Write the full listing out again, word for word, but omit the pictures.

DATA EXTRACT –
****************
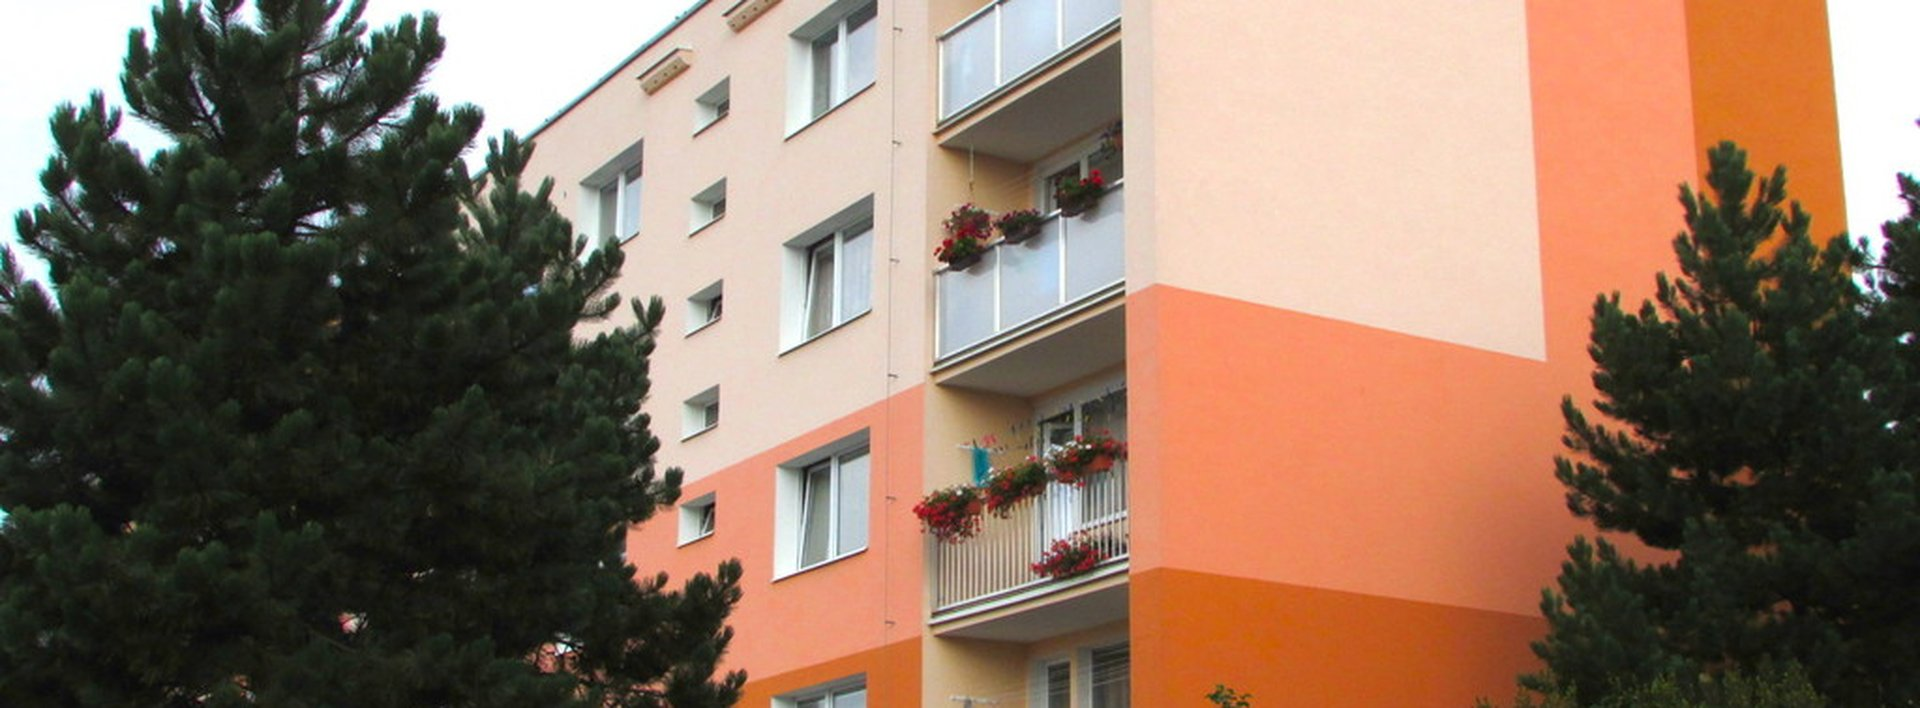 Prodej byt 2+kk, 44 m² - Liberec, Starý Harcov, Ev.č.: N47398
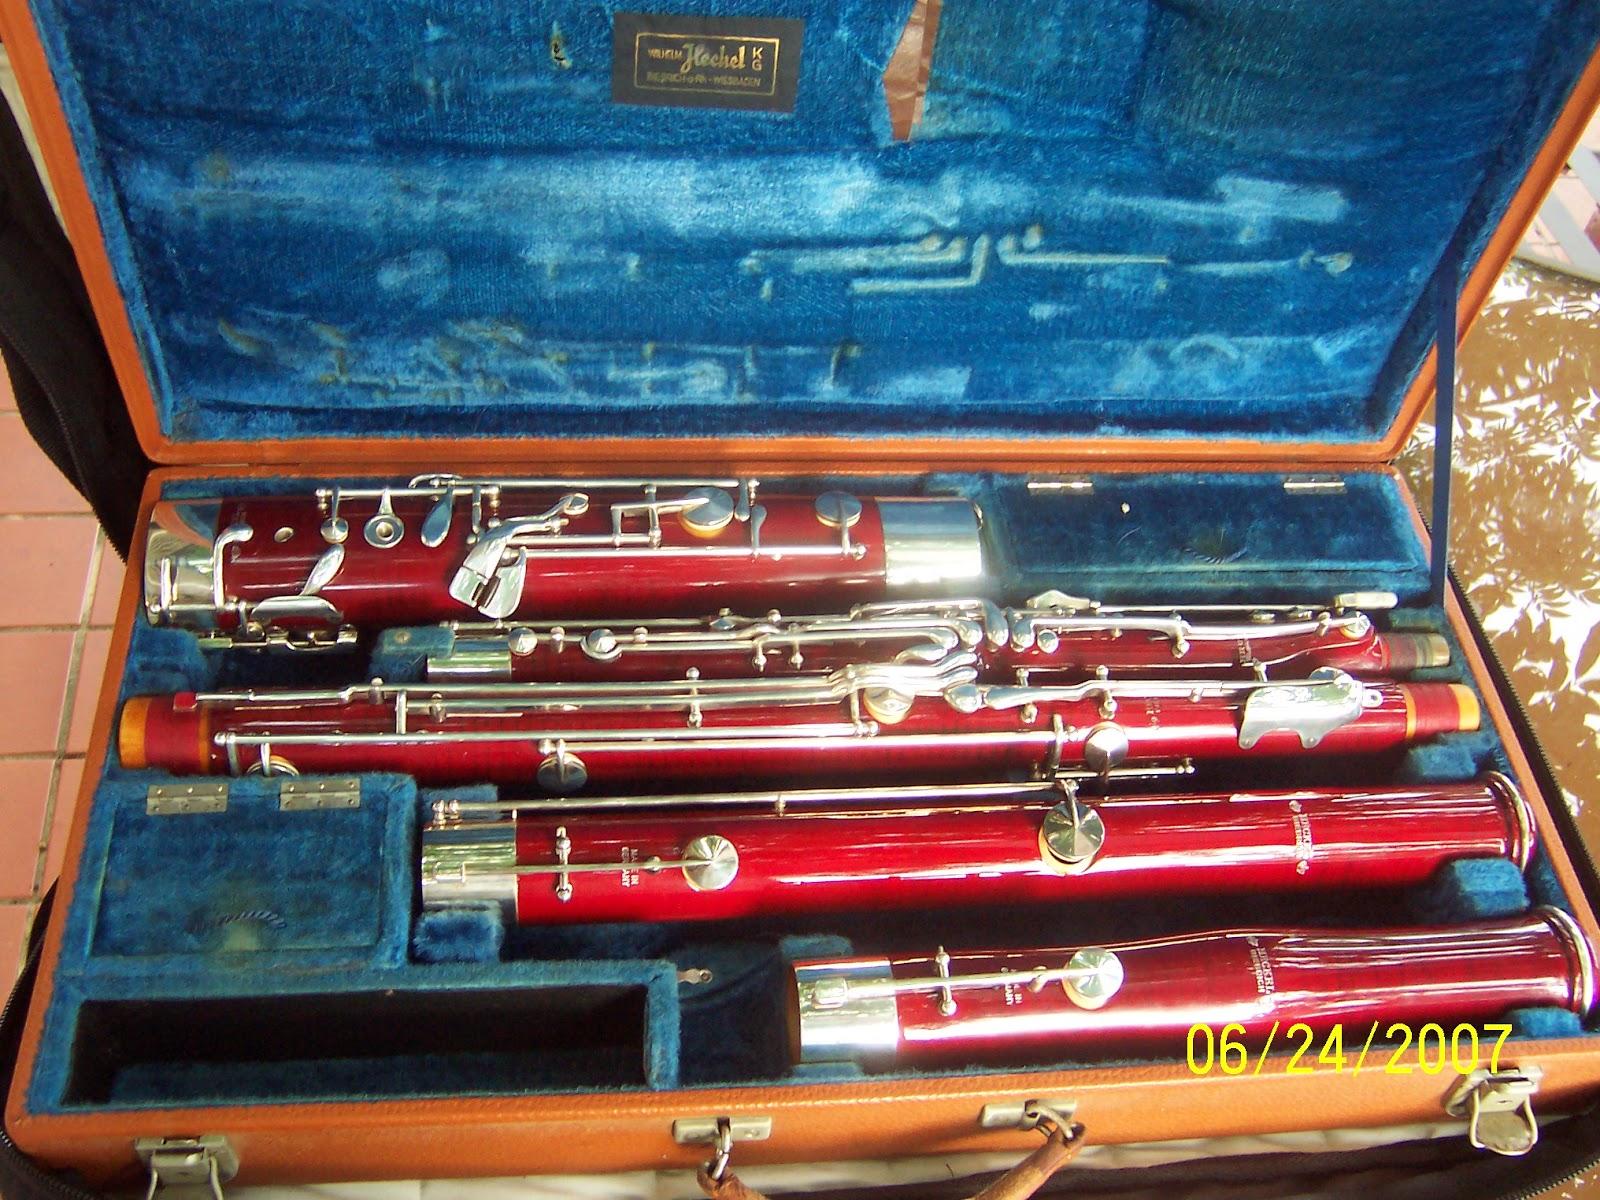 http://www.heckelbassoons.info/images/bassoons/12262/incase.jpg
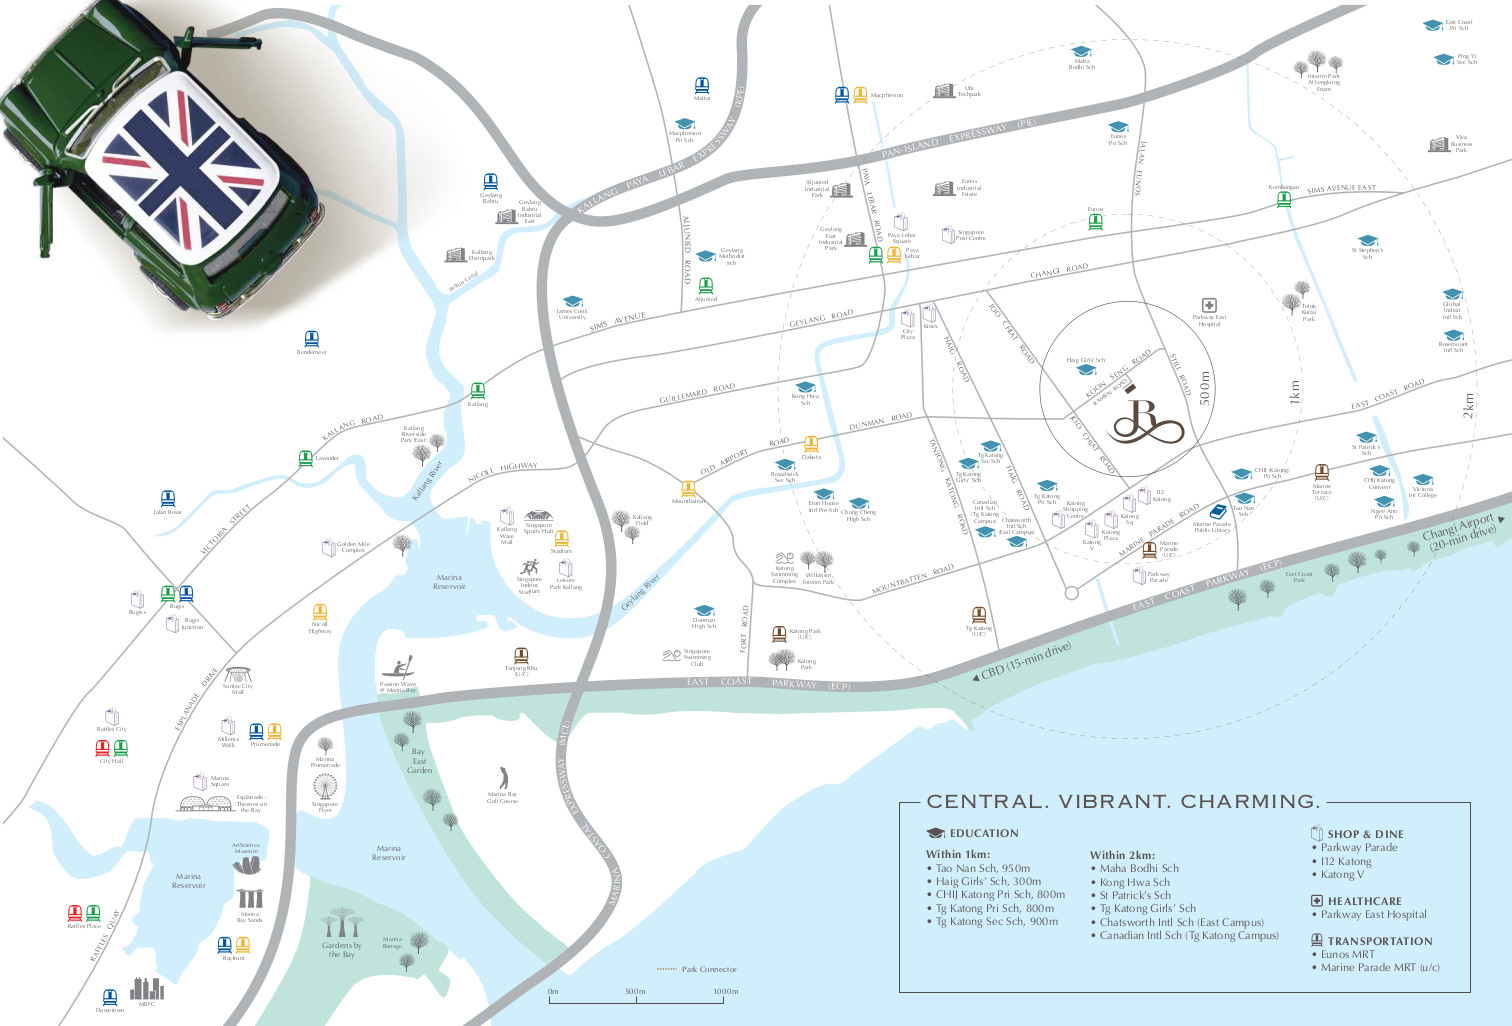 The Ramford Location Plan
****************
RESULT –
 Prodej byt 2+kk, 44 m² - Liberec, Starý Harcov, Ev.č.: N47398
 http://www.heckelbassoons.info/images/bassoons/12262/incase.jpg
 The Ramford Location Plan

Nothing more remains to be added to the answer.